Research project to help measuring complexity of legal documents.
This is the code repository for the research project “Measuring Regulatory Complexity” by Jean-Edouard Colliard and Co-Pierre Georg. Use this code at your own risk. The code provides a simple dashboard that allows users to classify words in large regulatory texts (in our case the Dodd-Frank Act) in various categories, e.g. as operators or operands. This is useful when measuring the complexity of the regulatory text using the Halstead (1977) measures. The dashboard is still work in progress.
Source of raw data
https://www.fdic.gov/regulations/laws/important/
Pdf to txt
It will parse pdf documents located in 001_raw_data to txt.

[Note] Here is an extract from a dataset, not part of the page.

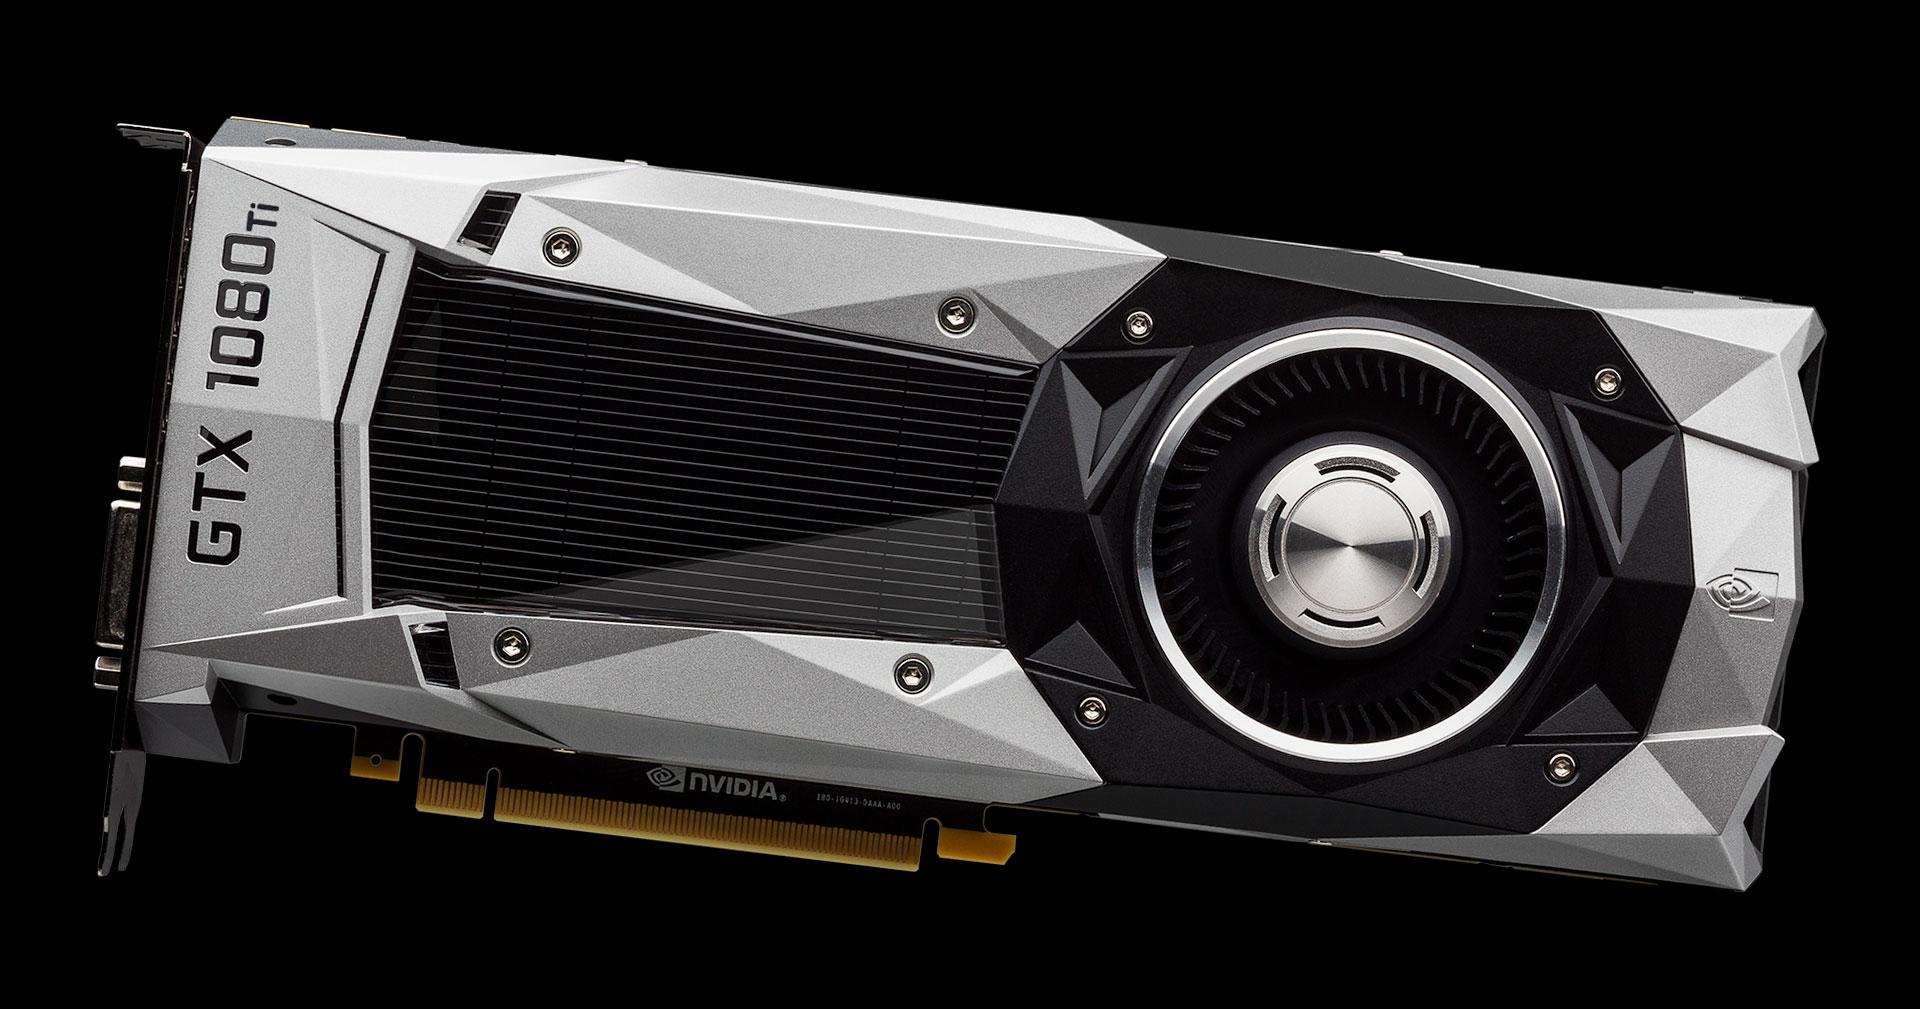 The best Nvidia GeForce GTX 1080 Ti deals | PC Gamer

Input: 001_raw_data/pdf/.pdf
Run the shell 100_code/shells/001_totxt.sh
Output: 001_raw_data/txt/.txt
Pdf to xlm (maximum 100 pages per document)
It will parse pdf documents located in 001_raw_data to xlm.
Input: 001_raw_data/pdf/.pdf
Run the shell 100_code/shells/001_toxlm.sh
Output: 001_raw_data/xlm/.xlm
Clean data for Dodd-Frank
Input:001_raw_data/txt/DODDFRANK.txt
Run 100_code/python/001_clean_data
Halstead Measures.
Features of the text such as bullets, definitions, references…
Input: 010_cleaned_data/DODDFRANK.txt
Run 100_code/python/002_regex_op